Трижды в день я встречала взгляд Валентина, сидевшего рядом с Ликой. Казалось, что он не сходит с места, здесь же ест, пьёт и спит. Да, и ещё - пока я делала своё дело, он развлекал нас рассказами.
Лика чувствовала себя всё лучше, хотя говорила мало. Я не сразу поняла, почему она такая немногословная. Только потом догадалась – если рядом такой балагур, как Валентин, то слово, порой, и вставить некуда. Зато она почти всё время улыбалась и смотрела на Валентина, скашивая взгляд в его сторону, боясь шевелить головой, пока я над ней корпела.
Всёля мне, конечно, обрисовывала миры, в которых нам приходилось бывать. Но рассказ того, кто смотрит снаружи сильно отличается от того, что говорят местные, глядящие на ситуацию изнутри. А если ещё и рассказчик – Валентин, то истории наполнялись жизнью, и слушая, я видела всё своими глазами, будто смотрела Всёлины «ролики».
- Мой отец – очень скромный человек, он контролирует только третью часть континента. Под его контролем несколько неравнозначных отраслей. Чтобы хорошо использовать ресурсы, что есть у него в руках, приходится быть скромным и очень деловитым – постоянно сверяться в своих действиях с двумя другими магнатами, контролирующими две другие части экономики нашего материка.
- В этом мире нет королевств, как у вас, - разъясняла тихонько Всёля. - Здесь управление исключительно экономическое, то есть нет короля или другой власти государства, кроме тех магнатов, что контролируют экономику.
- На других континентах тоже есть люди, такие же скромные, как мой отец, - улыбался Валентин и стерильной салфеткой промакивал сбежавшую по ноге Лики каплю лекарства. – Там распределение отраслей другое. У самого скромного – одна-две, но зато самые мощные, а у остальных отраслей побольше, но не таких сильных.
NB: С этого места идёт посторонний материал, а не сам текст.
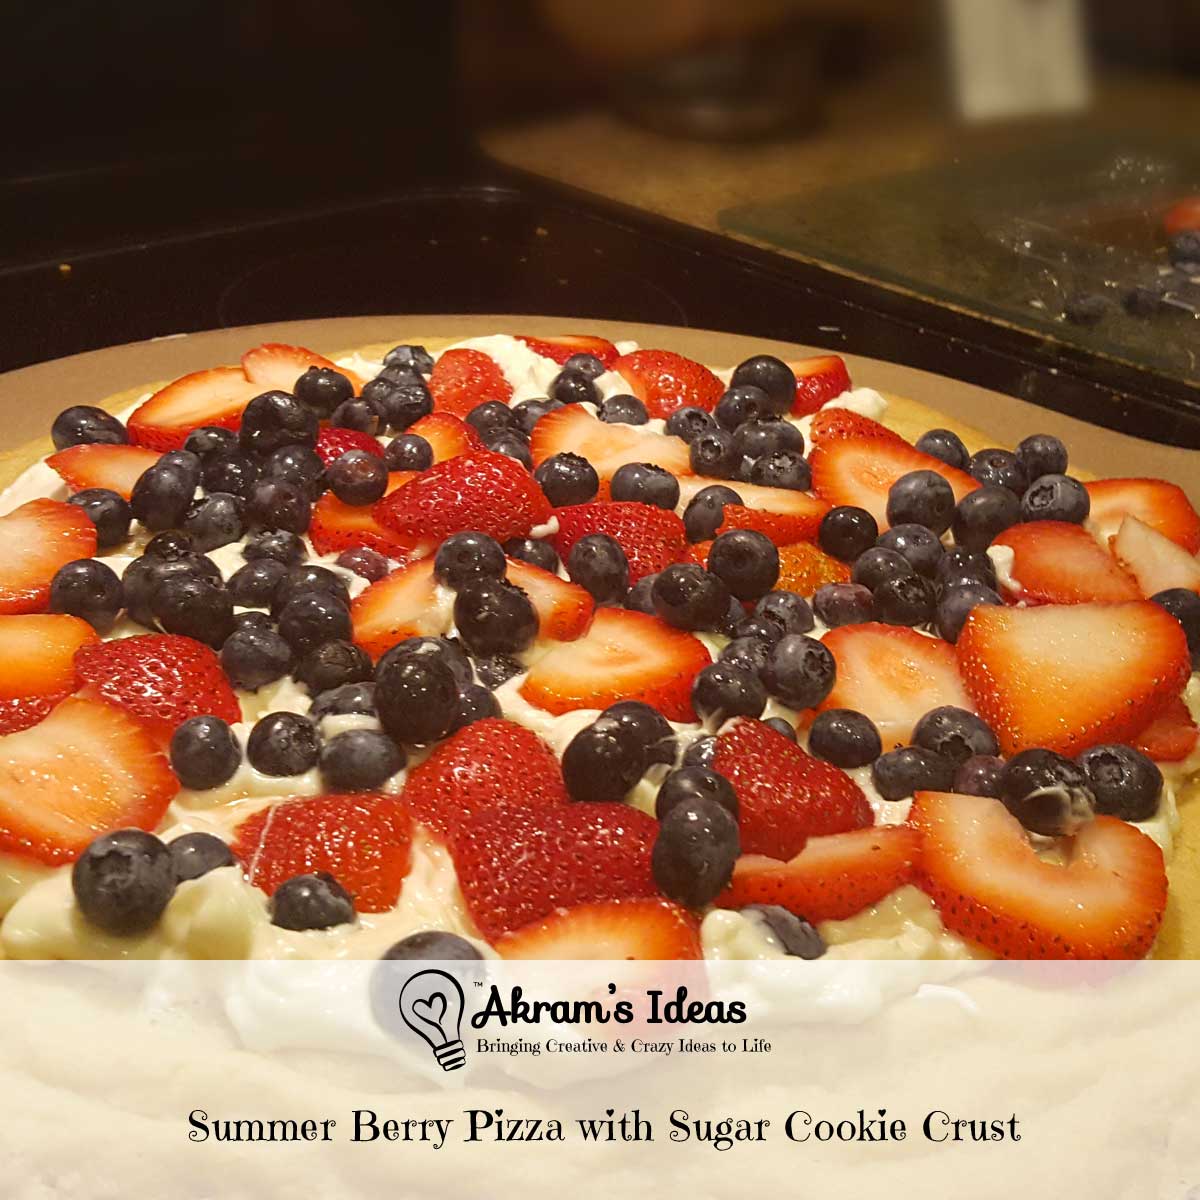 Recipe for an end of summer berry pizza with sugar cookie crust and white chocolate sauce.

Я оторвалась от обработки ран и бросила на него удивленный взгляд. Парень подарил сияющую улыбку Лике и остатками озарил и меня:
- О, не переживайте, Ольга! Это тоже равновесие. Скромность магнатов заставляет их считаться со своими соправителями, и в результате это работает на благо всей человеческой цивилизации.
- Я и мои два старших брата помогаем отцу. Не факт, что кто-то из нас займёт его место, но наши шансы намного выше, чем у тех, кто не входит в круг, близкий к скромным людям.
- То есть в круг, близкий к магнатам? – отвлеклась я на секунду от инструментов и перевязочного материала, чтобы поменять флаконы в помпе на руке Лики.
- Вроде того, - он подал мне полный флакон и забрал пустой.
- Лика тоже дочь магната? Как вы встретились? – спросила, пуская огонёк очистки на руках и вновь принимаясь за раны.
- С Ликой, - Валентин ласково гладил девушку по зажившей ладони, - мы встретились в университете.
- Университет – это место, где молодые люди получают знания, - тихо подсказывала мне Всёля, отзываясь на мои невысказанные вопросы.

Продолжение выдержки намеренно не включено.